Last week my car had a significant malfunction. I had to replace the transmission. Everything worked out, and while it was stressful, it wasn’t a serious life issue. Most of the week I had to beg for rides, and it made me think about how grateful I have been for multiple things. The ability to learn to drive and the availability of mostly reliable cars since I have been 18. I connect cars and driving to freedom. I think about losing the ability to drive and how I would start to feel trapped by my surroundings. I think about the times before I drove and I remember standing on the porch of my house and wanting to go somewhere….just go..but I wasn’t able to do so. I am comfortable in my mobility and my independence. Sometimes I felt guilty for this ability when I thought about you.

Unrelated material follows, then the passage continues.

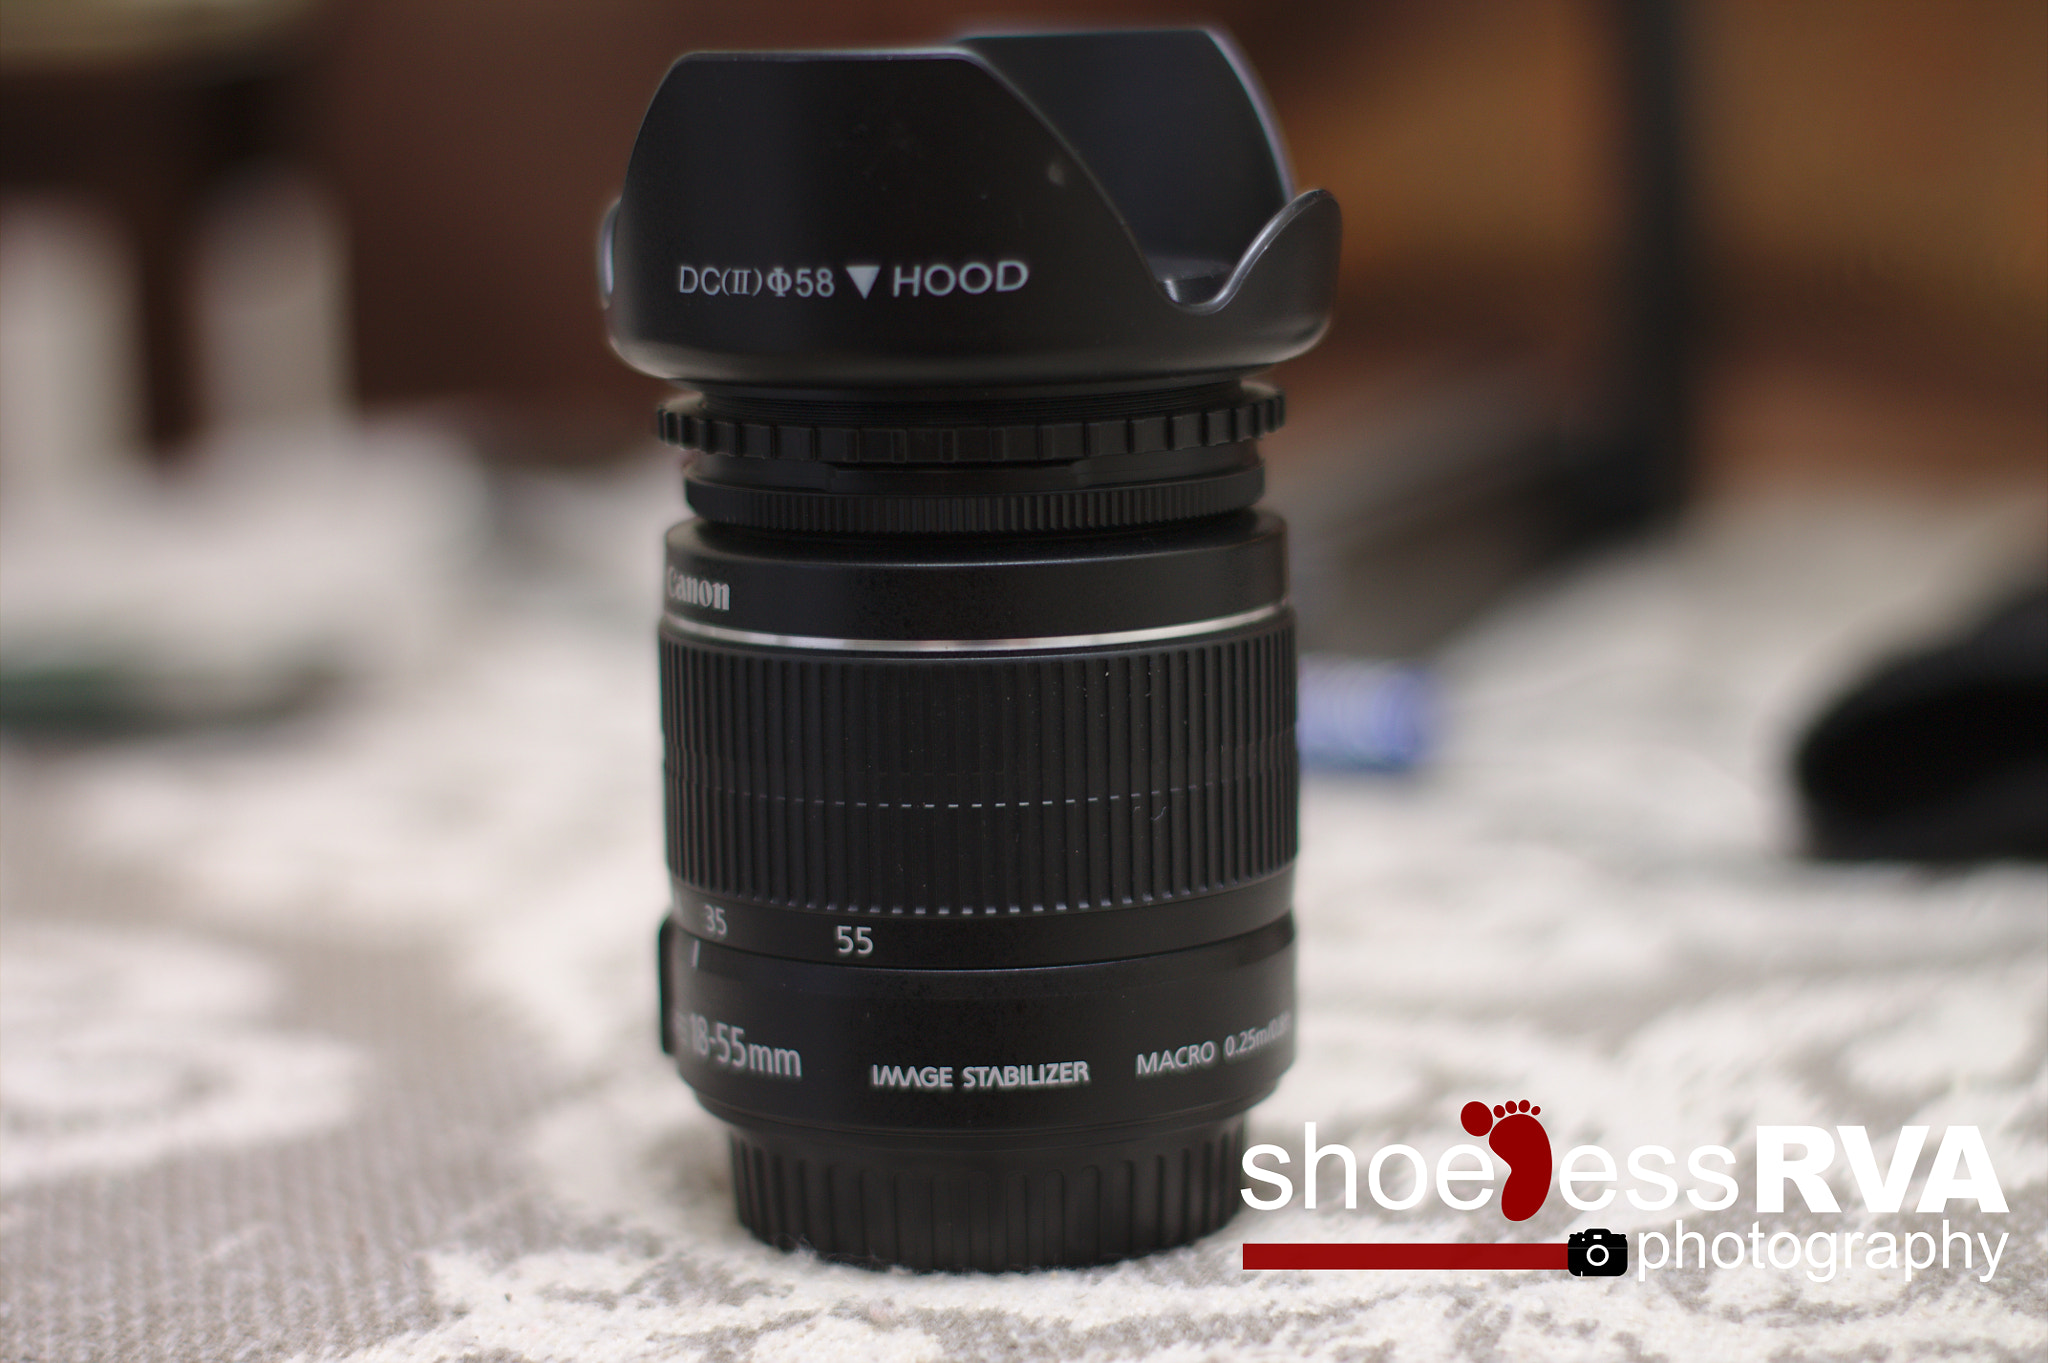 Canon EOS 1100D (EOS Rebel T3 / EOS Kiss X50) + Canon 50mm sample photo. Shooting a lens through a lens... photography

The first time that I was behind the wheel you were in the backseat of our brown Ford Windstar. My mother had decided that I needed to drive at least once before driver’s school and she took me to a local high school to practice. She parked the car and we switched places. The first movement of the van scared me. I took my foot off of the brake and the car was moving without me telling it to do so. I put my foot on the brake again to get my bearings. Now, I was not familiar with the power function of the car and we all thrashed about in the brown bomber as the car stopped–inches from the place it started out. I took a breath. From the backseat I hear Paul yell out, “WE ARE ALL GOING TO DIE!”

That Paul and his impeccable timing.

Besides the idea that I was a failure at driving and I was never going to get the hang of this massive machine moving down the road, Paul had brought up in a joke that I could kill the family. I know that it was a joke and I was probably not going to harm them. The possibility was there. I was an impressionable and emotional teenager. What am I saying? I’m still a bit emotional.

Then he said to Mom, “Tomorrow I am going to learn to drive.”

My heart broke. Paul was older than me and was never going to learn to drive. We knew this. He did not.

Then the guilt set in. I was going through the throes of this freedom. He was not going to do so. How is that fair? He was always going to need rides. He was always going to be dependent on other people. His world of freedom would have to be created in his immediate surroundings. I would not. I still don’t know how to reconcile that. I still feel guilty. It was somewhat assuaged with our weekend drives and our singing in the car together. Overall, I still feel bad.

We will keep talking Paul. I will forgive myself for my able-bodied-ness. You loved me anyway.